Top row left: intensity function for a seasonal infection shown in units of exposures per week. Top row right: generalised logistic curves giving the risk scalings for \(l=1\) and \(u=1.5,2,3,4\). Bottom row left: example of an individual’s exposures shown in blue, with red centre indicating an infection developed following exposure. Bottom row right: corresponding 25OHD status at exposure, shown as a function of the probability of infection for that status level.

Summary of simulation steps

Before progressing further, we give an overall summary of the generative model of exposures and infections. Consider individual i and let \(T_{1},\dots ,T_{M}\) denote the times at which they are exposed. Exposure times only within the time frame of the trial are used: \(\tau _{\mathrm{start}} < T_k \le \tau _{\mathrm{end}}\), \(k=1,\dots , M\).

$$ \begin{array}{*{20}l} {T_{1} , \ldots ,T_{M} \sim {\text{NHPP}}(\lambda (t))} \hfill & {{\text{simulate}}\;{\text{individual's}}\;{\text{exposure}}\;{\text{times}}} \hfill \\ {L_{k} = V_{i} (T_{k} )} \hfill & {{\text{find their status }}k = 1, \ldots , M} \hfill \\ {P_{k} = p_{0} g(L_{k} )} \hfill & {{\text{get the probability of infection after exposure }}k = 1, \ldots , M} \hfill \\ {I_{k} \sim {\text{Bernoulli}}(P_{k} )} \hfill & {{\text{simulate whether infection is developed from exposure }}k = 1, \ldots ,M.} \hfill \\ \end{array} $$

In the case of infections (\(I_k=1\)), one may also wish to impose a non-susceptible period, for example, an exponentially distributed amount of time where the infected individual is not susceptible to a new infection. The package SimVitD provides this option.
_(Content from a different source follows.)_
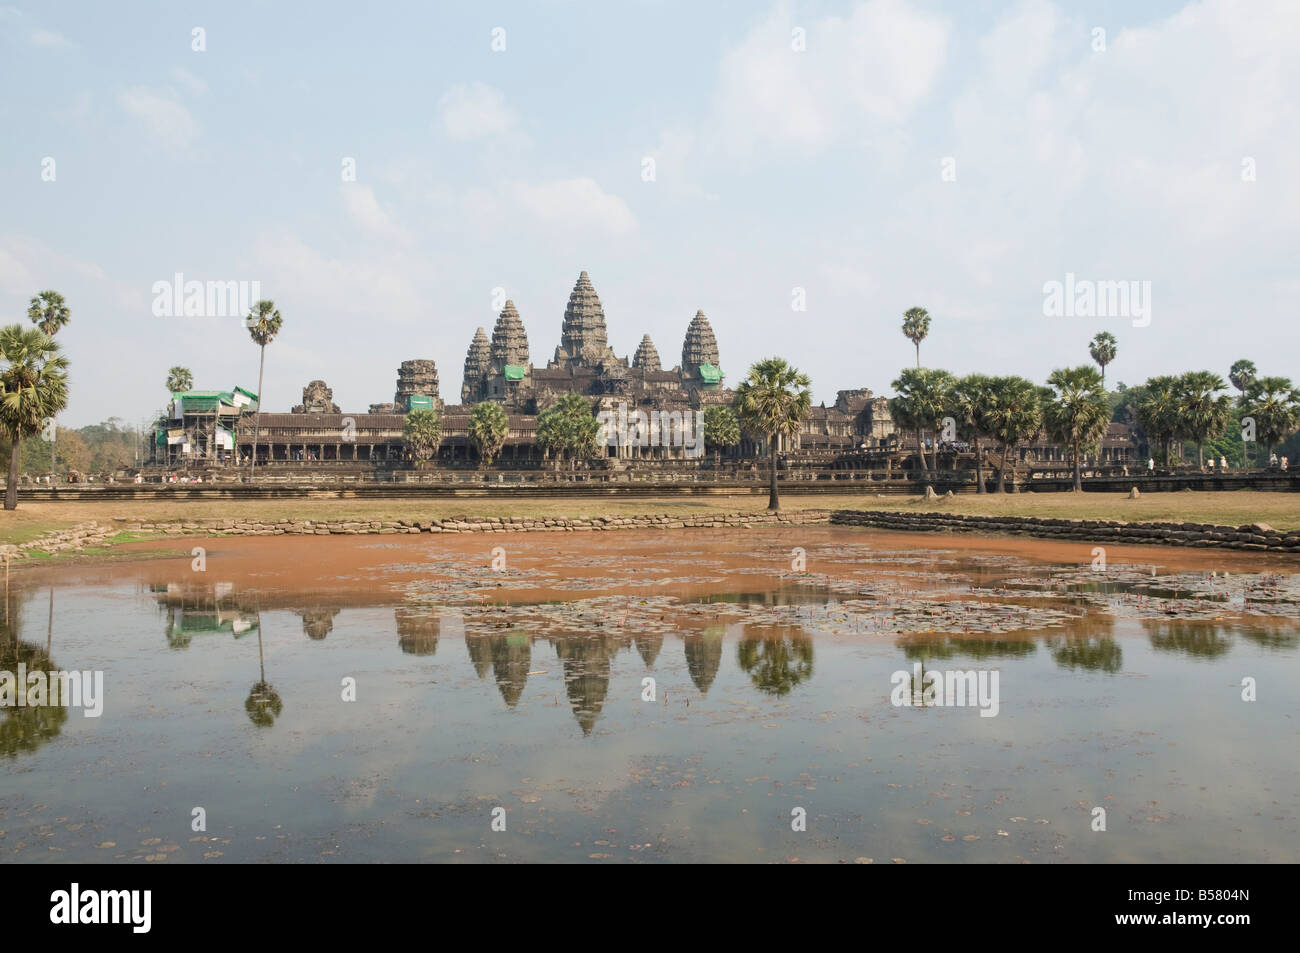 Angkor Wat temple, 12e siècle, khmers, Angkor, Site du patrimoine mondial de l'UNESCO, Siem Reap, Cambodge, Indochine, Asie du Sud-Est, l'Asie Banque D'Images

S.3 in the supplementary material gives a glossary of all parameters involved in the simulation.

Power of detecting benefit of supplementation

Determining whether there is a benefit of supplementation will ordinarily be carried out by investigation of the number of events (e.g. infections) that occurred in participants assigned to each arm over the trial duration, or some function thereof.

Types of comparisons

Define

$$\begin{aligned} \theta _s= & {} \Pr \{ \text {individual gets } \ge 1\text { infection in arm } s \}\\ \mu _s= & {} \text { expected number of infections for individual in arm } s \end{aligned}$$

The power of the tests

$$\begin{aligned} H_0: \theta _{\mathrm{pl}} \le \theta _{\mathrm{supp}}&\quad&H_A: \theta _{\mathrm{pl}} > \theta _{\mathrm{supp}} \end{aligned}$$

(2)

$$\begin{aligned} H_0: \mu _{\mathrm{pl}} \le \mu _{\mathrm{supp}}&\quad&H_A: \mu _{\mathrm{pl}} > \mu _{\mathrm{supp}} \end{aligned}$$

(3)

will be of interest.

Theorem 1

Consider a two-armed vitamin D trial, where individuals in the first arm receive a placebo and those in the second all receive an intervention (supplement) following the same scheme (e.g. all fixed dose). Then making the same assumptions as outlined in “Modelling individual vitamin D status trajectories” and “A model for benefit of vitamin D supplementation” we have that:

1. 1.

   the propensities to contract at least one infection in each group satisfy \(\theta _{\mathrm{pl}} >\theta _{\mathrm{supp}}\)

2. 2.

   the expected number of infections in the placebo group is larger than that in the supplement group, \(\mu _{\mathrm{pl}} >\mu _{\mathrm{supp}}.\)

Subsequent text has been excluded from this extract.